Au-delà, et au-delà même des technologies, et de leurs interfaces désormais souvent incontournables dans beaucoup des rapports humains, il me semble que la grande différence entre plus jeunes et plus anciens (dans leur tête au moins) tient dans leur compréhension du monde. Plus exactement dans ce que j’appelle la valeur d’usage.

Plaidoyer de la jeunesse pour la valeur d'usage

Une valeur d’usage, comme nous le verrons dans un premier temps, dont le premier aspect peut être dit à vocation individualiste. À savoir qui concerne mes propres intérêts, ce que finalement le monde peut m’apporter à moi.

Une valeur d’usage, comme nous le verrons dans un second temps, dont l’autre aspect peut être dit à vocation humaniste. Qui touche quelque chose de plus grand que moi, qui me dépasse en quelque sorte. Une valeur d’usage beaucoup plus collective celle-ci et qui, je crois, réfère à un besoin de cadre et de sens éthique.

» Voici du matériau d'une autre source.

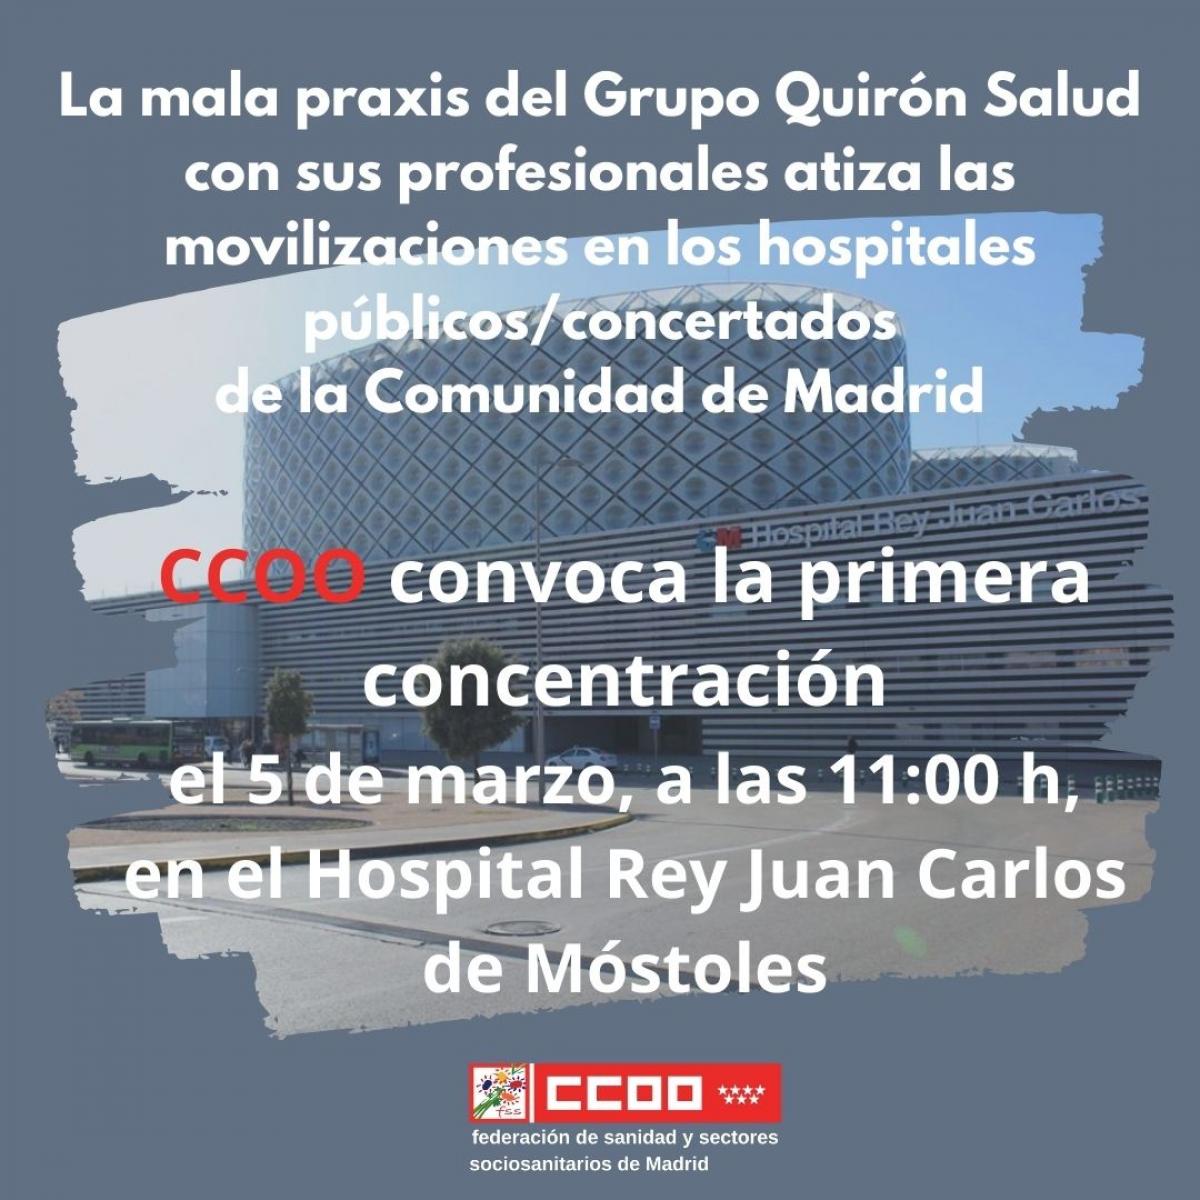 CCOO anuncia movilizaciones en Quirón Salud

Pour parler de la valeur d’usage, dans son premier aspect, il faut comprendre — marqueur entre les différentes générations — ce qui est venu remplacer, pour partie au moins, ce qui hier encore était le désir de possession. Plus que posséder, ils veulent pouvoir répondre et le plus facilement possible à leur(s) besoin(s).

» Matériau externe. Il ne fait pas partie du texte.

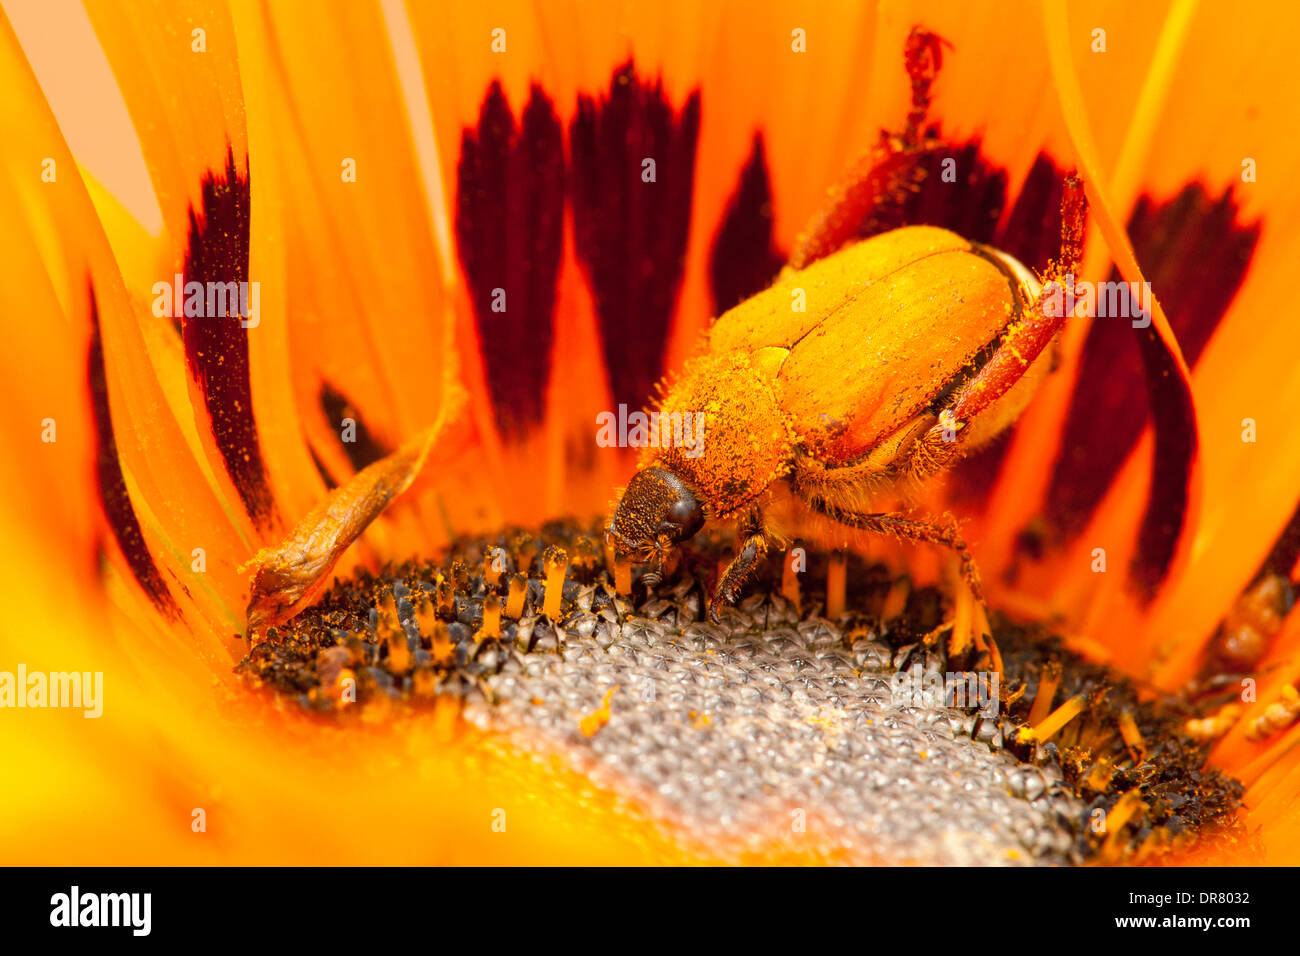 Coléoptère de couleur orange sur une orange Gazania fleur, le Namaqualand, Afrique du Sud Banque D'Images

Pour vous faire toucher du doigt ce retournement en quelque sorte, préférer l'usage à l'avoir, et qui est une révolution, je vais prendre l’exemple de l'évolution de notre relation à la voiture. Marqueur des générations plus anciennes, génération X et, avant celle-ci, celle des baby-boomers, posséder une voiture était alors si fort, que beaucoup lui donnaient un nom, pouvaient se surprendre à lui parler, et même à l’encourager à voix haute dans quelques montées. Le lien à la voiture était si fort que la prêter, même à son meilleur ami, n’était pas simple. Crainte que sa conduite ne modifie les réglages, la façon de réagir du véhicule... Crainte plus simplement qu’il ne l’abime... Depuis Blablacar, Uber, et, dans d’autres domaines, Airbnb, et bien d'autres, sont passés par-là.

La compréhension de cette première valeur d’usage — de l’utilisation des choses, des services, mais aussi de la fonction des personnes (j'y reviens juste ci-dessous) — pour les jeunes bien sûr, mais aussi parce qu’elle influence et s’impose petit à petit aux autres générations, est fondamentale. C'est elle qui explique, pour beaucoup pour ne pas dire pour tout, des bouleversements que nous vivons.

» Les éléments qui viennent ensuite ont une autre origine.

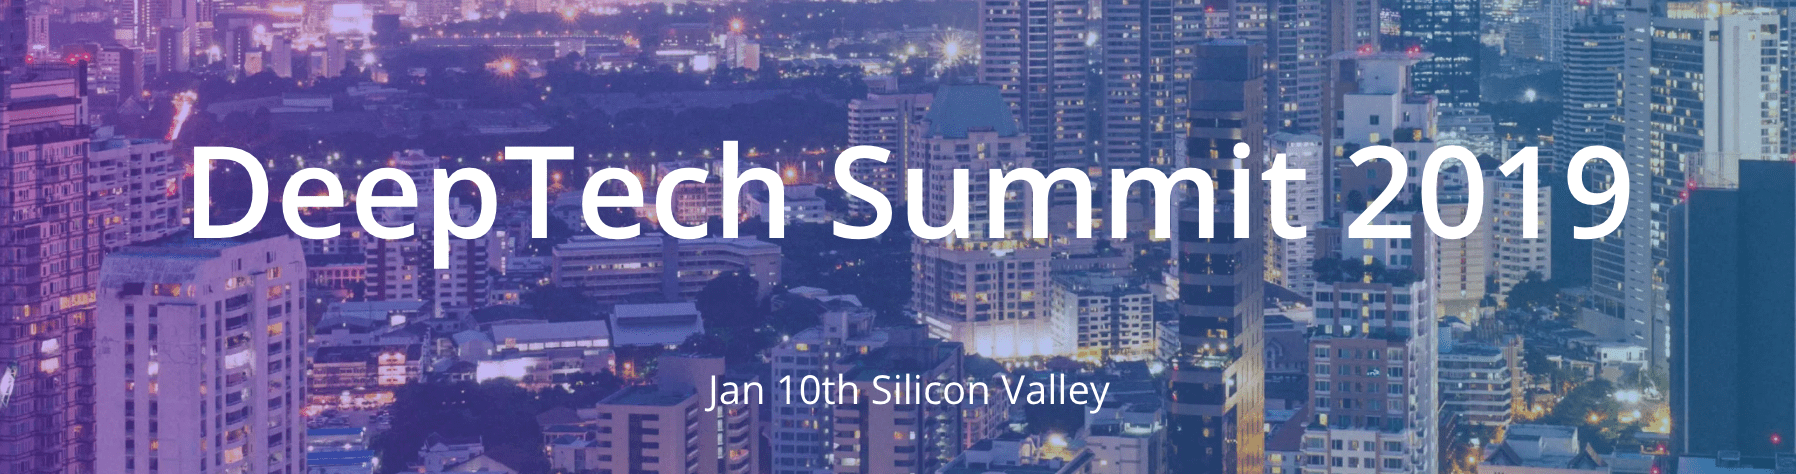 deeptech-summit-2019-logo

Je reviens, pour illustration, à l'une des leçons des élections présidentielles de 2017. Avant même les vieilles histoires droite-gauche, la question que se posent maintenant, jeunes en tête mais aussi beaucoup d’entre nous, est quelle valeur d’usage, et n’y voyez pas un manque de respect pour la fonction, je peux retirer du Président de la République ? En quoi celui-ci va-t-il ou non répondre à mes besoins ? Là où on a voulu, pour la nième fois, ne voir à l’aune de l’abstention qu’un désintérêt des Français pour la chose politique, j’affirme au contraire que l’intérêt des Français pour la politique n’a jamais été aussi grand.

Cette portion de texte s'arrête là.